Web scraping in 2026 is dominated by five recurring patterns. This lib gives each pattern a documented helper plus the surrounding infrastructure (HTTP client with TLS-impersonation fallback, retry/backoff, fixture-replay testing) so you don't reinvent them per vendor.
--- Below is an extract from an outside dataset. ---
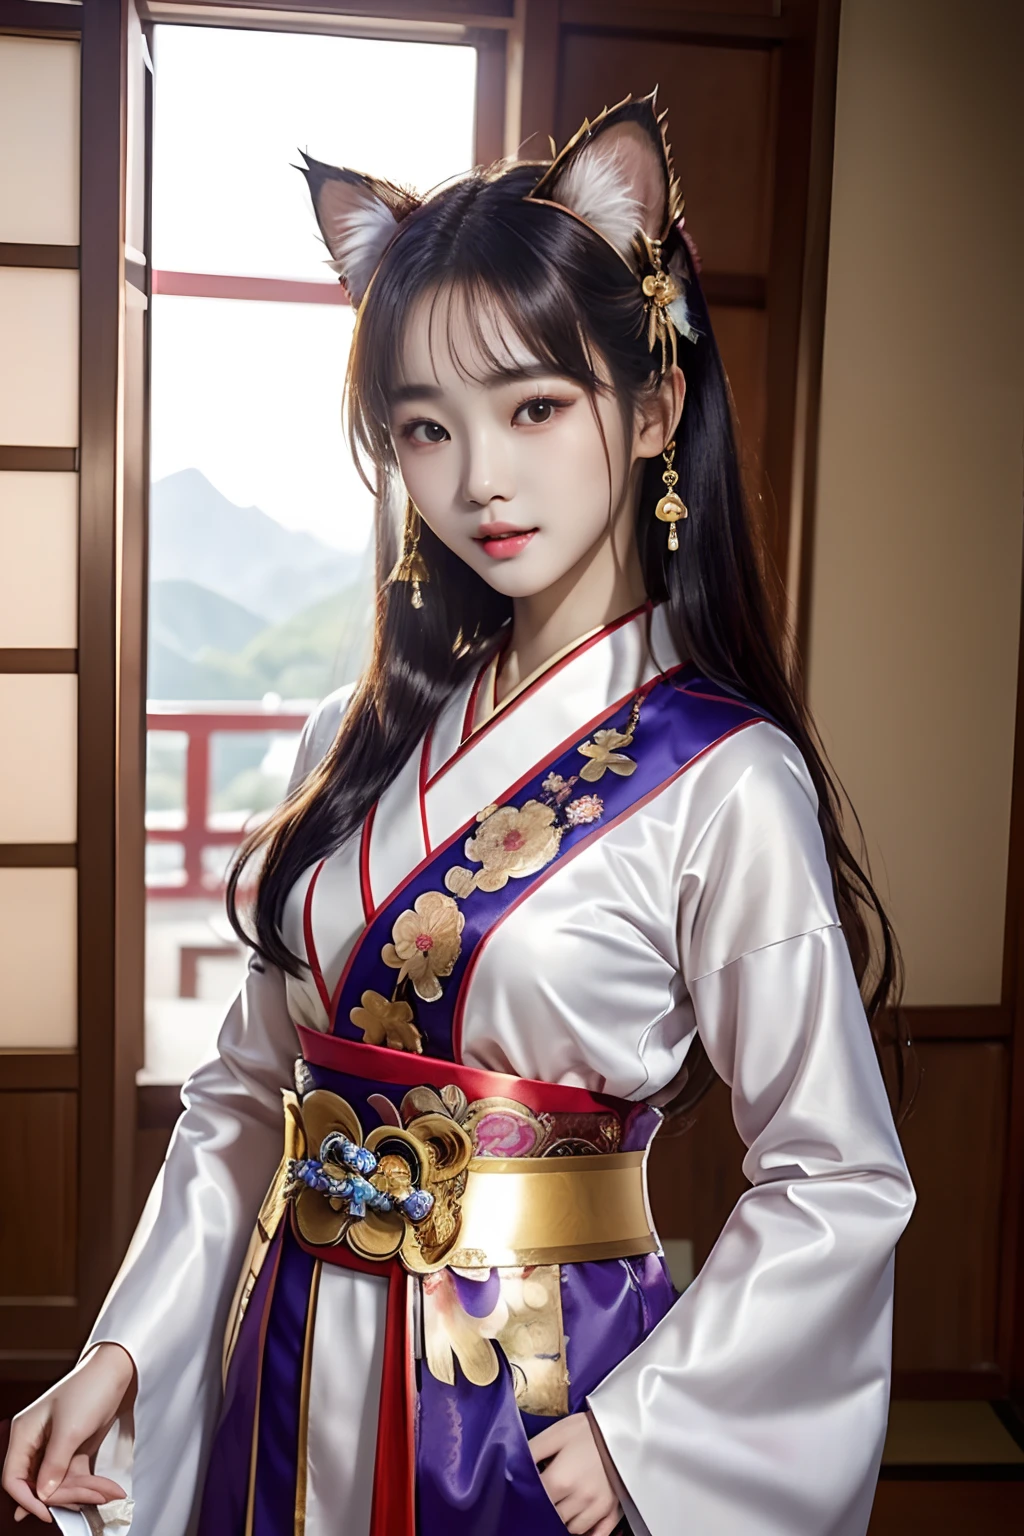 (Dame mit Katzenohren）、（Top Qualität）、（Meisterwerk）、（1 Mädchen）、（Eine hohe Auflösung）、（Photorealsitic）、Solo、ein Bild、Es gibt eine Frau mit Katzenohren in einem rot-weißen Shinto-Priesterinnenkostüm, wunderschönes chinesisches Modell, Wunderschöne junge Koreanerin, schöne koreanische Frauen, koreanisches Mädchen, Gekleidet als Priesterin, Schönes asiatisches Mädchen, Göttin Japans, Modell Posen, Schöne junge Koreanerin, Strahlende Sonnenlichtquelle, Japanisches Schönheitsmodell、

| Pattern | When to use | Helper | Cost |
|---|---|---|---|
| A — JSON API | DevTools shows an XHR returning the price-bearing JSON. Anonymous or OAuth. | vendor_client() + your own response model |
Lowest — parse, validate, done. |
| B — Embedded JSON | Document HTML carries <script type="application/ld+json">, __NEXT_DATA__, __NUXT__, or self.__next_f.push(...). |
patterns.b.extract_product_offer() (via extruct) |
Low — one call, broad markup coverage. |
| C — CSS / microdata | Price visible in HTML, no embedded JSON. Prefer itemprop="price" schema.org microdata. |
patterns.c.extract_microdata_price() (via selectolax) |
Medium — selectors break on ancestor reshuffles. |
| D — Hostile | Cloudflare Turnstile, Akamai EVA, etc. defeat both default httpx and curl_cffi. |
patterns.d.hostile_client() (via Scrapling) — pip install scrapper-tool[hostile] |
High — Playwright runtime, ≈400 MB image bloat. |
| E — LLM agent (v1.0.0+) | Pattern D still gets blocked, OR the page needs interaction (login, multi-step nav, dynamic forms), OR there's no stable selector. | agent_extract() (Crawl4AI + Ollama) and agent_browse() (browser-use + Camoufox + Ollama) — pip install scrapper-tool[llm-agent] |
Highest — local-LLM latency. Free at run-time (no API). See Pattern E docs. |
Plus a four-profile anti-bot ladder (chrome133a → chrome124 → safari18_0 → firefox135) that auto-walks when a profile gets fingerprinted, and a scrapper-tool canary CLI for nightly fingerprint-health probes.
flowchart TD
A[Your scraper code or LLM agent] --> B[vendor_client / request_with_retry]
B --> C{TLS-sensitive?}
C -- no --> D[httpx]
C -- yes --> E[curl_cffi ladder]
E --> E1[chrome133a] --> E2[chrome124] --> E3[safari18_0] --> E4[firefox135]
D --> F[Response]
E4 --> F
F --> G{Pattern}
G -- A --> H[JSON API model]
G -- B --> I[extruct: ld+json / next_data / nuxt]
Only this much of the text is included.